OPINION:
It’s becoming increasingly clear that decisions about whether and how to reopen U.S. schools are being driven by state or local politics rather than objective health risks.
Despite evidence that many families are struggling with remote learning and going online could leave many children a full year behind, some teachers’ unions across the country have waged campaigns for education to remain fully remote. And unfortunately, their strategy seems to be working.
Data from Education Week reveals that school districts with powerful teachers’ unions, and those in states that require union membership as a condition of teacher employment, are significantly less likely to reopen — even after adjusting for district size and COVID-19 prevalence and deaths.
Conversely, local support for President Trump, who previously threatened to defund schools if they don’t reopen, is significantly correlated with the likelihood that a school district will reopen schools. Shockingly, there’s no significant statistical relationship between local COVID-19 risk and reopening decisions.
It’s also becoming clear that one-size-fits-all approaches by school districts or states are inevitably going to let down many students and parents. Gallup polling shows a near-even three-way split in parental preference between full-time in-class learning, full-time distance learning and hybrid models. Even informal surveys within the same locality show great variation in parental satisfaction with virtual learning, and in their preference for full-time in-class instruction.
There are important reasons for this. Some parents are more capable than others of staying at home to support their child’s learning, affording child care, or undertaking flexible work arrangements. Different children also thrive under different learning conditions.
And though health experts have called for reopening decisions to be based on community transmission rates, the risk for individual families varies significantly based on factors like household size and contact with elderly or at-risk relatives.
The most obvious way to empower parents to access education that’s suitable for their children and family would be to fund them directly. By allowing parents to spend the taxpayer dollars earmarked for their child’s education on the educational option that fits their needs, their children will no longer be constrained by the approach chosen by the local school district.

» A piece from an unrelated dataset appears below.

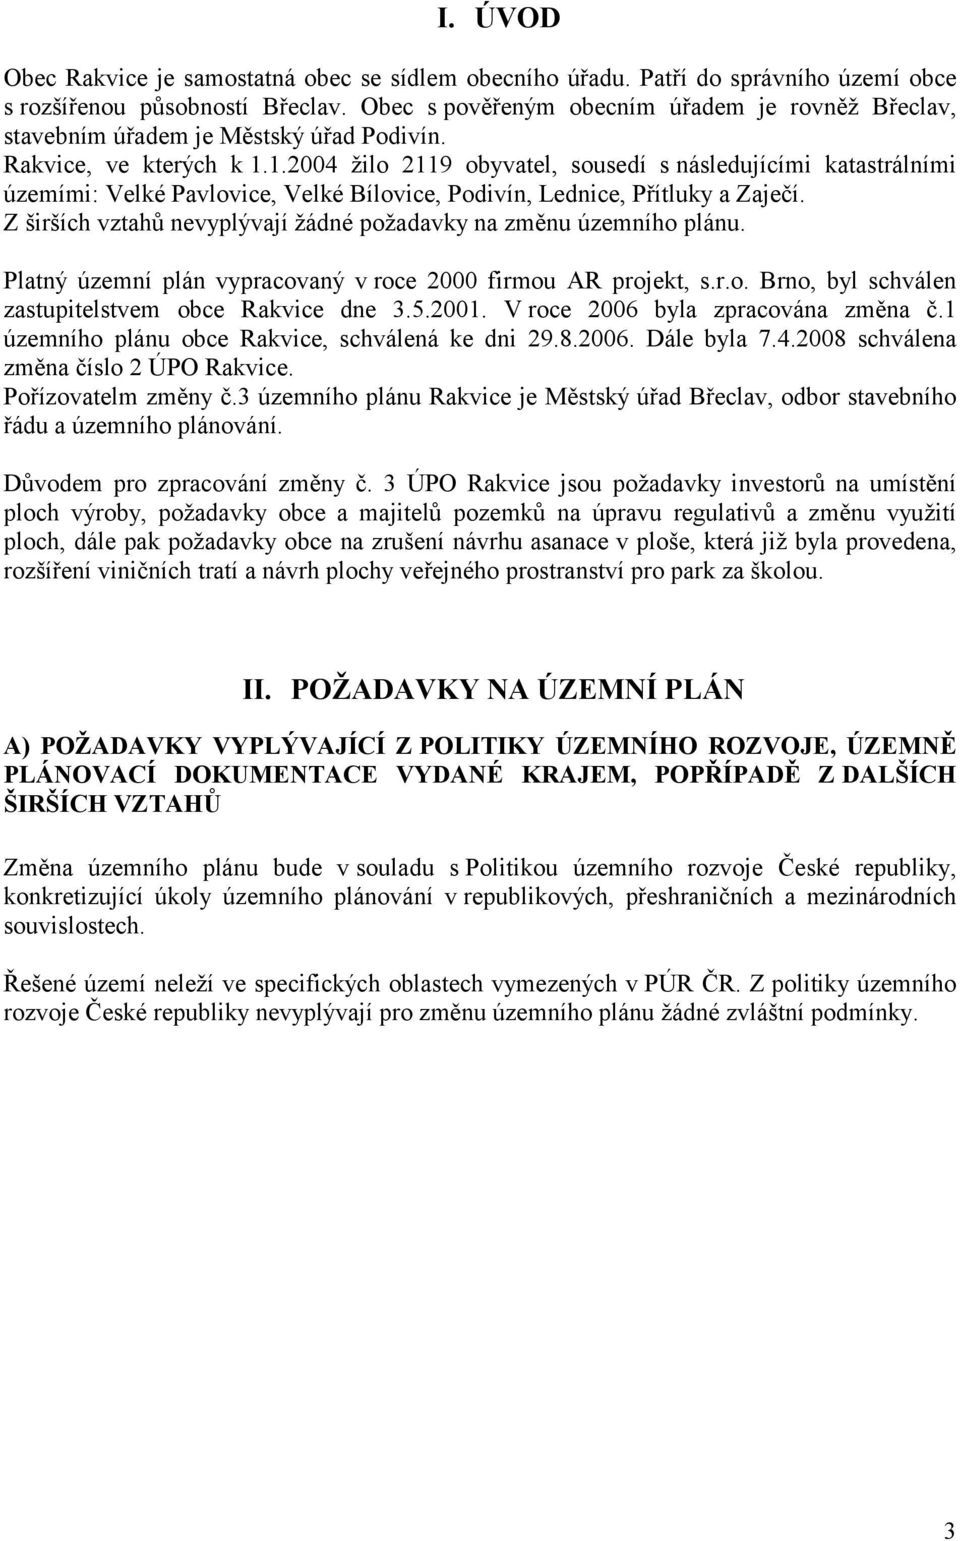 1.2004 žilo 2119 obyvatel, sousedí s následujícími katastrálními územími: Velké Pavlovice, Velké Bílovice, Podivín, Lednice, Přítluky a Zaječí.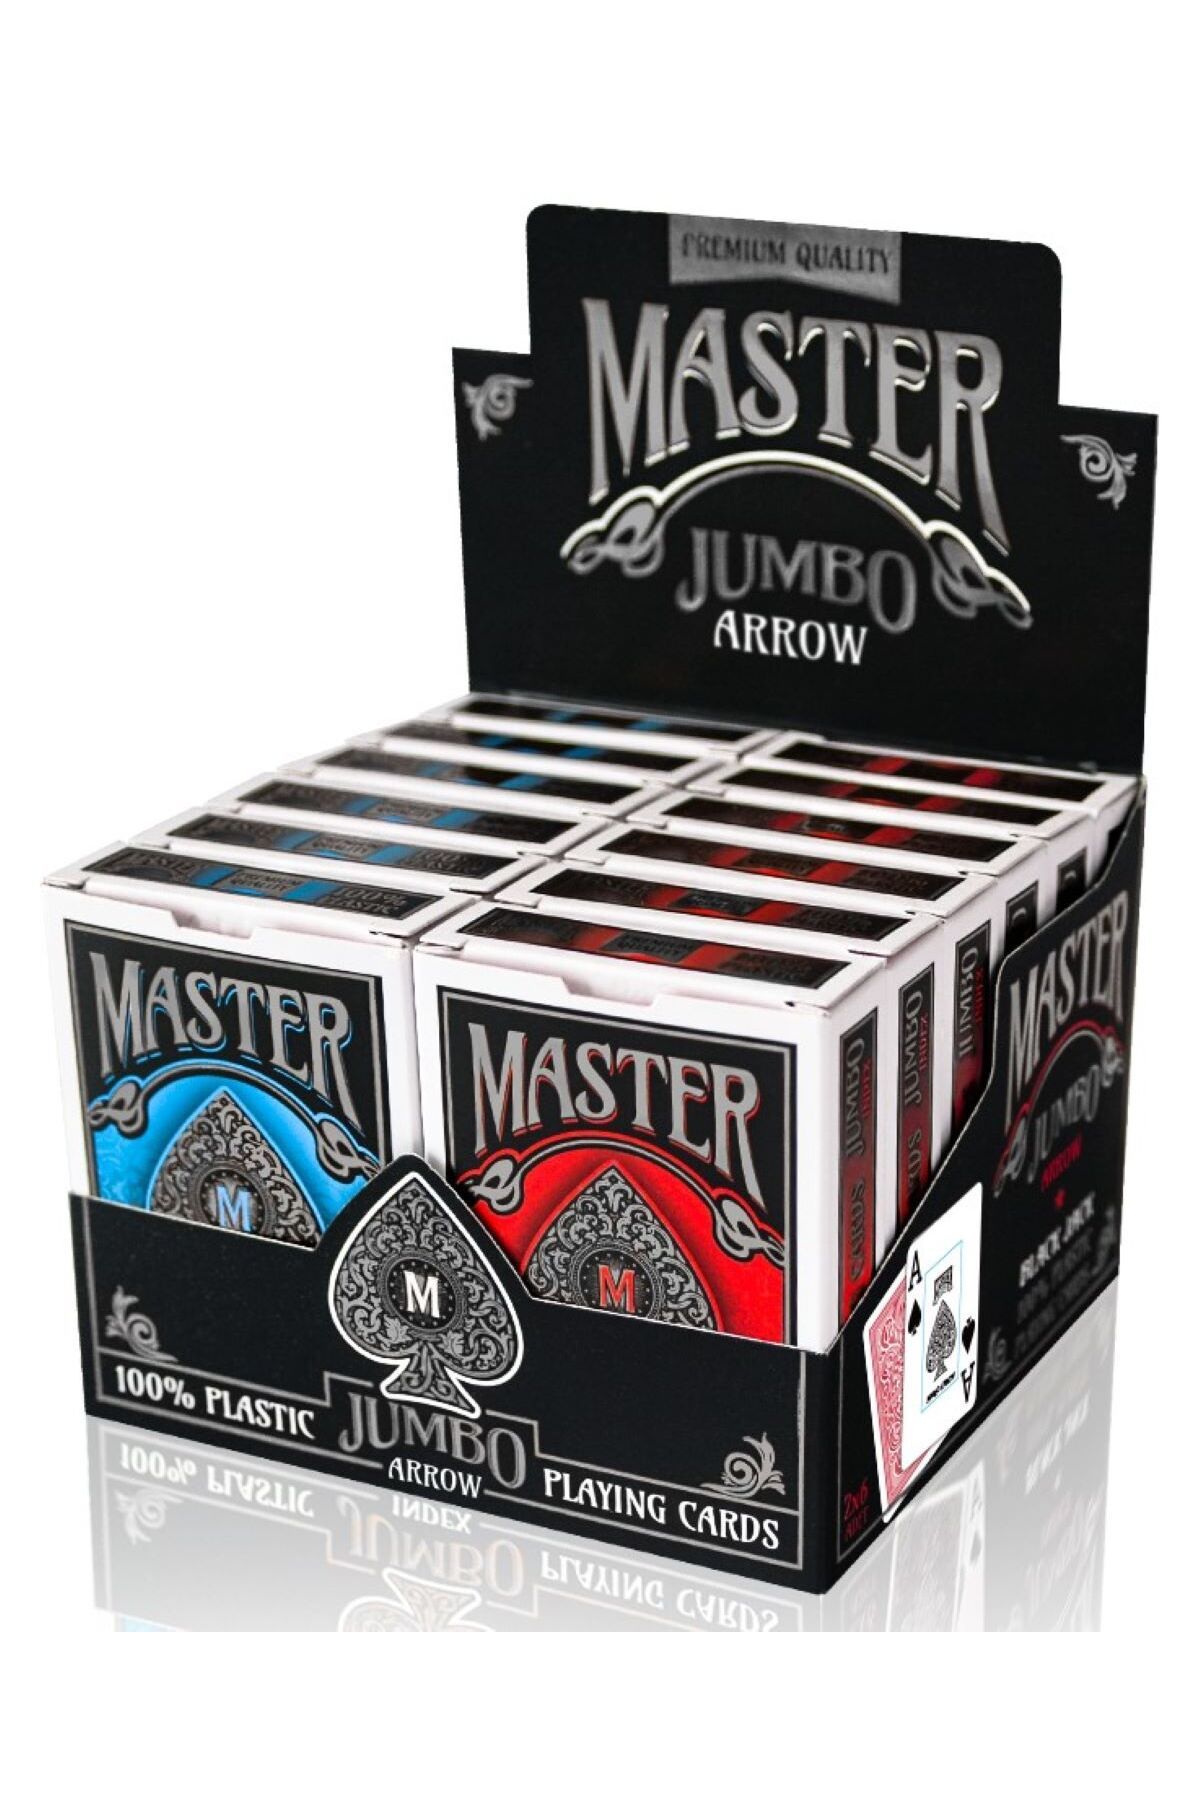 Ks Games Master BJ Jumbo Arrow Düzine 2 Deste Plastik Poker Oyun Kağıdı (Kırmızı,Mavi)

This is similar to Education Savings Accounts (ESAs) that already exist in states like Arizona, but which generally only apply to students in special circumstances. It’s also in-line with Mr. Trump’s statement last week that if parents want in-class instruction and their local schools won’t open, then public monies should follow students to schools willing to open and serve.
Much has been written about how typically affluent parents are withdrawing from traditional schools to form “microschooling pods” with fellow parents to share the resource burden of remote learning or homeschooling. Expanding ESAs to all low-income families would afford them this option and make schooling more equitable.
But “school choice,” an often controversial and politically fraught subject in the United States, isn’t the only way to support parents. Public schools can better serve families by adapting how they deliver their own education.
In Denmark, for instance, where the state gives school leaders more say in schooling delivery and resource allocation, reopenings replicated the “pod” strategy of microschools by reducing “class” sizes to a dozen or so kids. There should be no reason why U.S. school districts can’t adopt or offer parents concerned about COVID-19 health risks the same thing.
Conversely, school districts that offer in-person learning should also offer online options to parents who aren’t comfortable with full-time in-class instruction. And if they can’t, then adopting open enrollment policies, such as Arizona’s, would allow families to enroll in alternative school districts that offer their preferred mode of education.
And while American students’ remote learning experience over the spring was often a disaster, districts and schools that continue to teach online can learn from some best practices.
In Success Academy charter schools, for instance, the interpersonal interaction and sustained engagement of classroom learning was replicated virtually by delivering online video lectures from the charter school network’s best-performing teachers. In addition, teachers hosted small and interactive virtual discussion groups where they could keep track of students’ learning. The offering garnered supportive feedback from parents.
Schools and districts that struggle with virtual learning should be able to subcontract with other schools, charter school networks or even private providers who have expertise.
Sadly, teachers’ unions in places like Alaska have opposed such policies while making nativist arguments about choosing Alaskan educators instead of those located interstate where the provider is based. Yet, such arguments only favor particular interest groups at the expense of students and families who’d be denied an education that could work better for them.
Politically driven one-size-fits-all approaches to school reopening are on course to hurt students. Giving families multiple options and giving district and school leaders the freedom to innovate will be crucial to ensure traditional schools can continue to survive and thrive while serving kids best in these difficult times.
• Satya Marar is an education policy analyst at Reason Foundation and a Young Voices contributor.